Wednesday, 28 February 1962
Dáil Eireann Debate
Mr. Clinton: asked the Minister for Agriculture if any effort is being made to find export outlets for horticultural produce, or if any attempt is being made to prepare for the standards of grading likely to be encountered in future markets.
Mr. Smith: Advantage is being taken of every opportunity to promote exports of high-class horticultural produce, raw and processed. As the Deputy is, no doubt, aware Britain is one of the largest importers of horticultural produce in the world and our exports have free access to that market. In addition, of course, our home market for horticultural produce is protected in the growers' interests.

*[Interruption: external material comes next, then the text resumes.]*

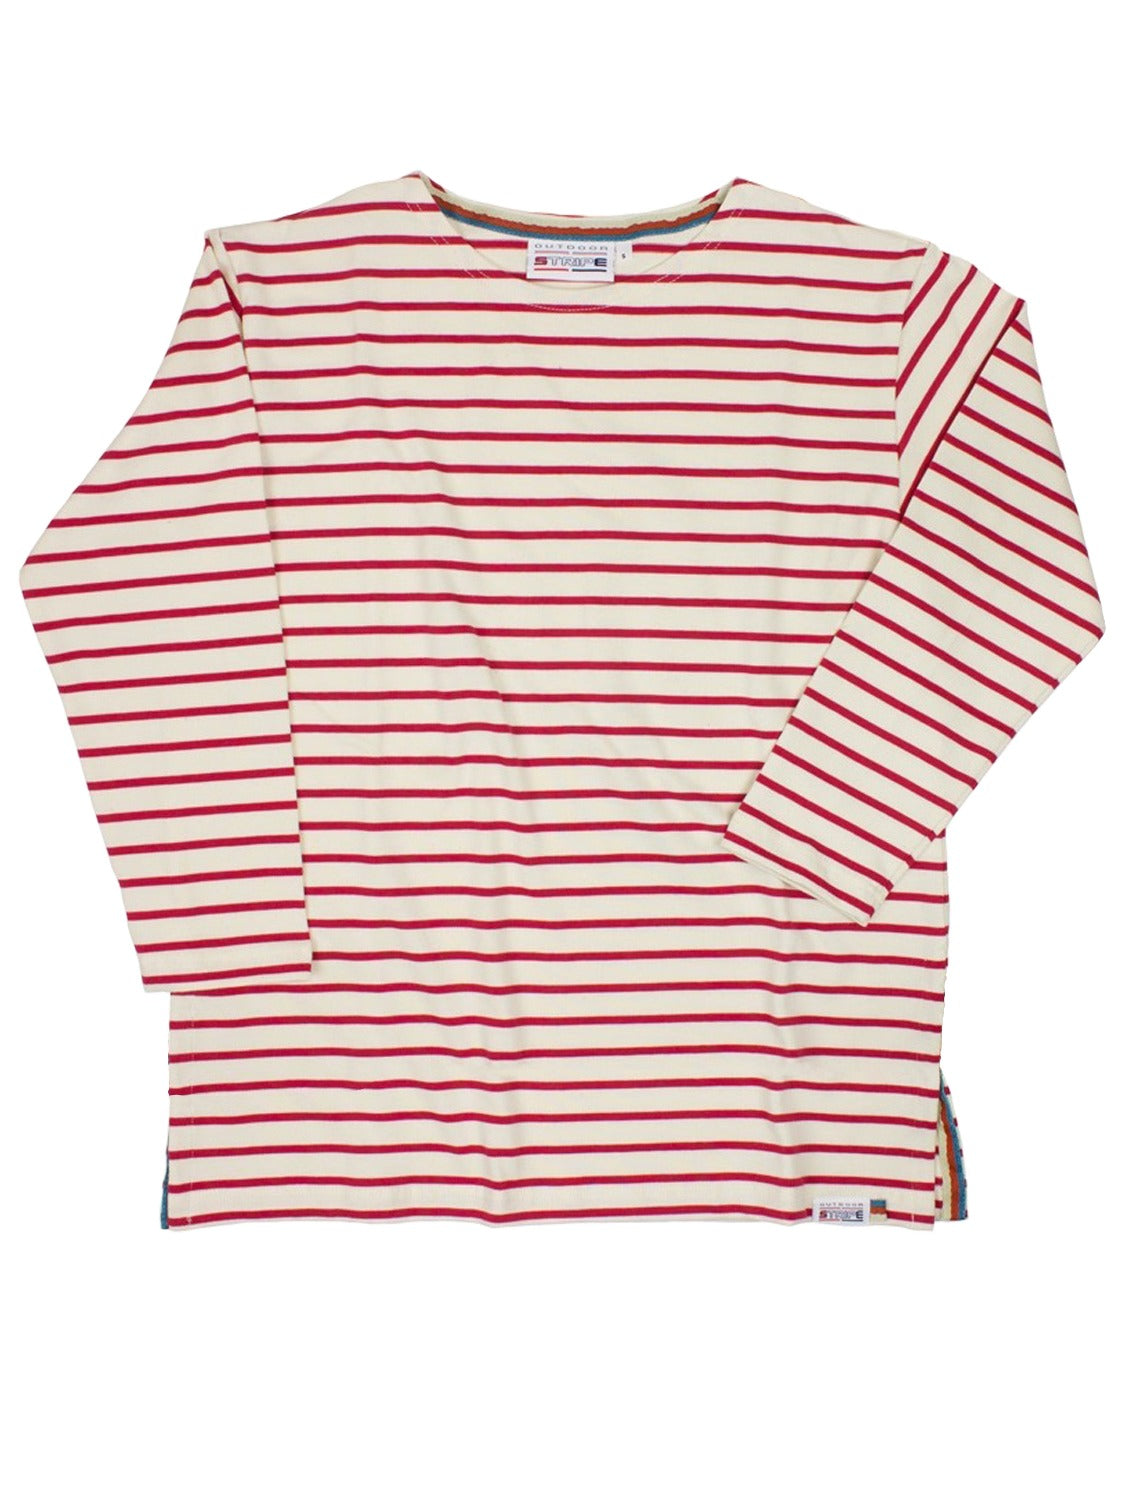 ophavsret Rejse genvinde Breton Stripe Sailor Shirt

Mr. Clinton: Is the Minister aware that a recent survey made in County Dublin both for agriculture and horticulture indicates that almost every line of production is blocked because of the limitation of markets? That is the advice which our advisory bodies have given us.
Mr. Smith: Of course, the Deputy, without any survey at all, will realise our position here as far as horticultural produce is concerned. As I have said, the home market has been protected and it has had to be protected for reasons known to the Deputy as well as to me. The fact that it has to be protected brings home to us the difficulties of our taking advantage of the market across the water which is open to us—a market which is, I admit, highly competitive.
Mr. Smith: I am talking about peas. Peas are a crop for which our soil and climate should be suitable. Yet, were it not for the fact that the production of peas had to be supported by tariffs and otherwise, we could not even have reached the stage of development we have reached.
Mr. McQuillan: Is it not a fact that a number of companies in this State which buy over 50 per cent. of their products abroad for processing in Ireland have protection against the Sugar Company in the home market?